Compelling evidence discovered dating first introduction of Apache Sitgreaves wild horses to 1540 Coronado expedition


PHOENIX – Recent research by a Conquistador Program representative has led to the discovery of several books by authorities on the 1540 expedition of Francisco Vásquez de Coronado. This material presents compelling evidence that Coronado, in his expedition to the Cibolas in New Mexico, spent a considerable amount of time on the Mogollon Rim, traveling near what is now Pinetop, McNary, Vernon and St. Johns on his way to New Mexico in search of the Seven Cities of Gold. There also is considerable evidence from this material and muster logs of the 1540 Coronado expedition that the explorers had scores of Spanish horses as mounts and additional horses handled by servants as remounts much the same as Father Eusebio Kino who also brought horses to the area in the 17th century.

The muster records of the Coronado expedition provide numbers of horses per soldier. Logs of the conquistadors also show that the horses brought to Apache Sitgreaves and other areas of North America are the prototypical colors of the Barb and Andalusian used by Coronado and later by Eusebio Kino.
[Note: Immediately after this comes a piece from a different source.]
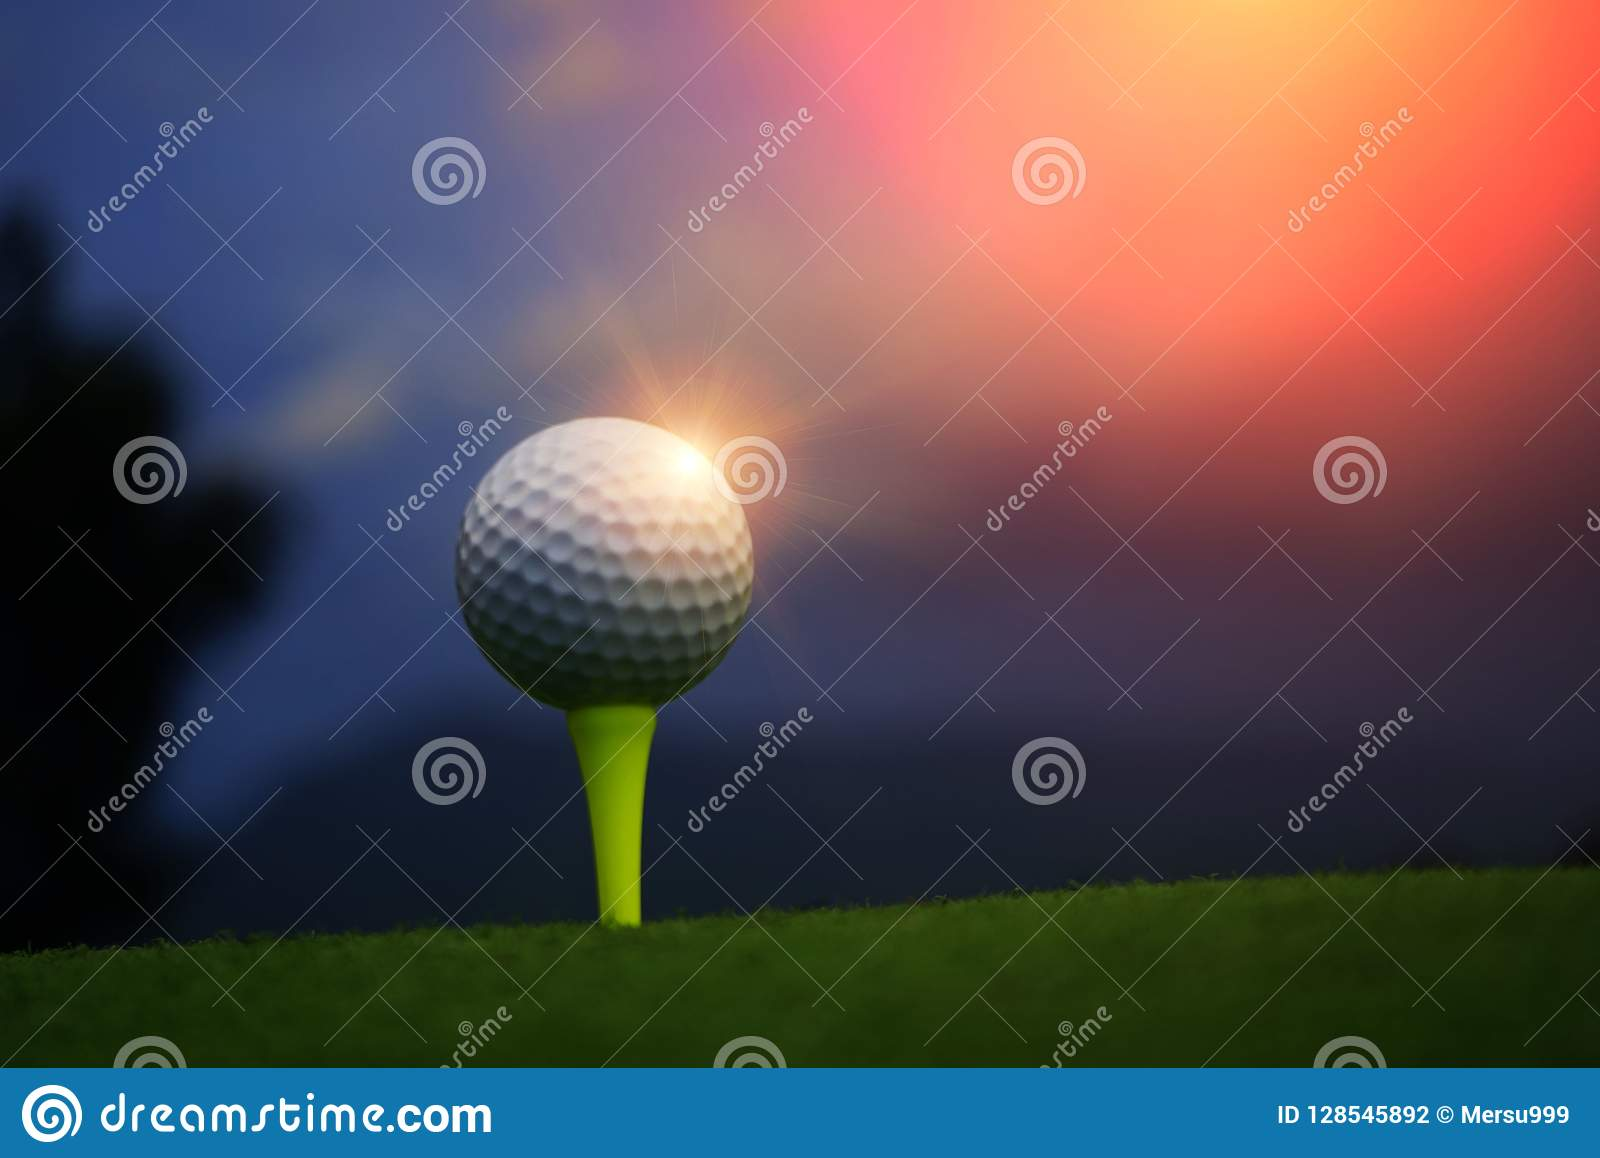 Golfboll på utslagsplats i härlig golfbana på solnedgångbakgrund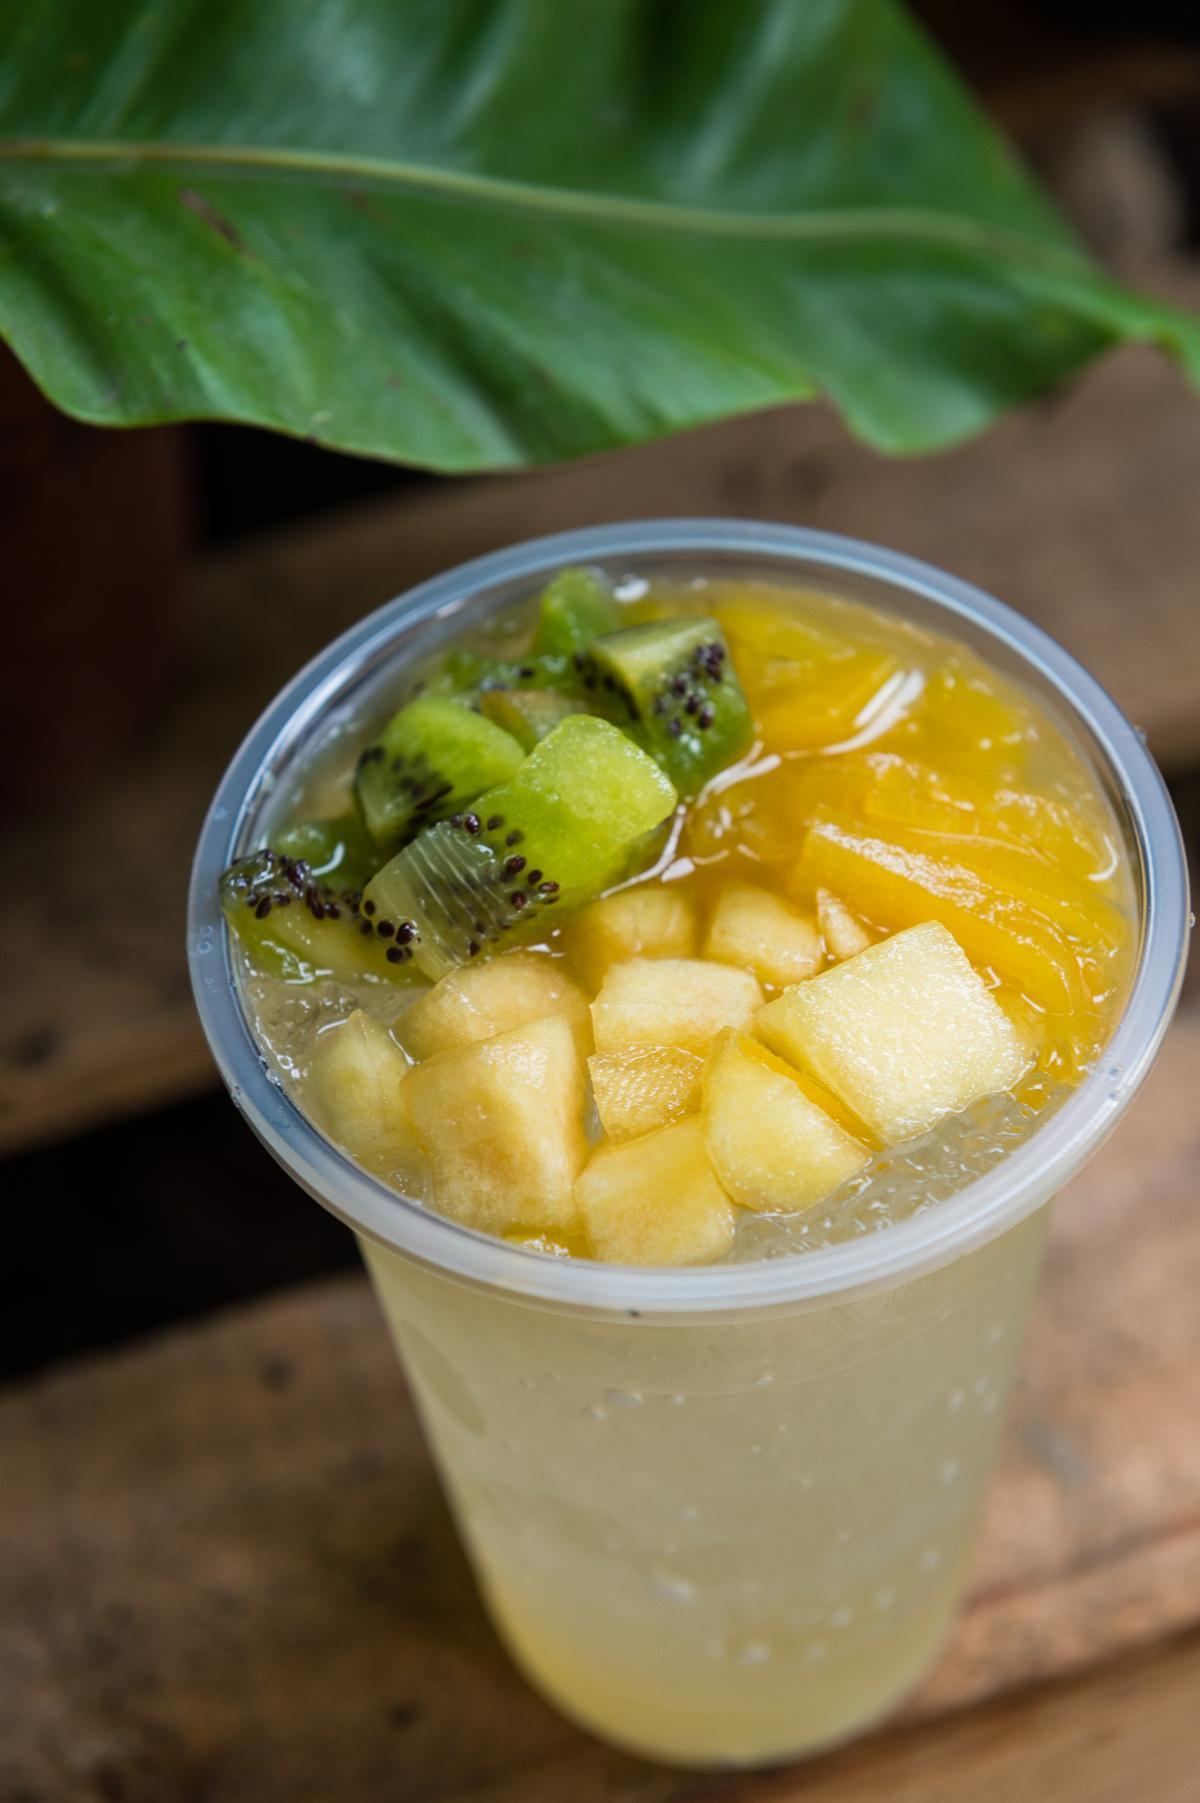 劉姐以醃漬水果製成的冰品,滋味單純卻美味,解暑也解辣。(50元/杯)

These colors include chestnut, black, buckskin, gray and bay, the colors of many of the Apache Sitgreaves horses today.

The recently reviewed historical material also indicates that Coronado, like Father Eusebio Kino, let his horses roam free when he camped in places on the Mogollon Rim where there were meadows and forage. Some experts on indigenous species in North America date the horse in North America to prehistoric times. The ancestor of the horse then migrated to Eurasia where the wild horses there were domesticated and ultimately their ancestors ended up in Europe including Spain. Thus the Coronado Expedition is credited by some experts with re-introducing the horse in North America (not just introducing the horse) because the early ancestor of the horse was here thousands of years ago until the Eurasia migration. The evidence is compelling that the Apache Sitgreaves horses were re-established in the area in 1540 with the Coronado Expedition, then again with the Kino Expedition in the 17th century. Soldiers may have introduced more in the 1870s.

The horses of Apache Sitgreaves have a long history of military equitation in the region. In his extensive article on the Coronado expedition for Arizona Highways Magazine, Stuart Udall wrote on his discovery of a river location where the Coronado expedition crossed at one point in Eastern Arizona, "I am reminded of the extent to which, for many centuries, horses played a major role. This very forest has been the scene of a dramatic pageant of military horsemanship. If we had a time machine to go back, we would have watched young Spaniards in the summer of 1540 astride the first European horses ever to stomp the ground in what is now the American Southwest."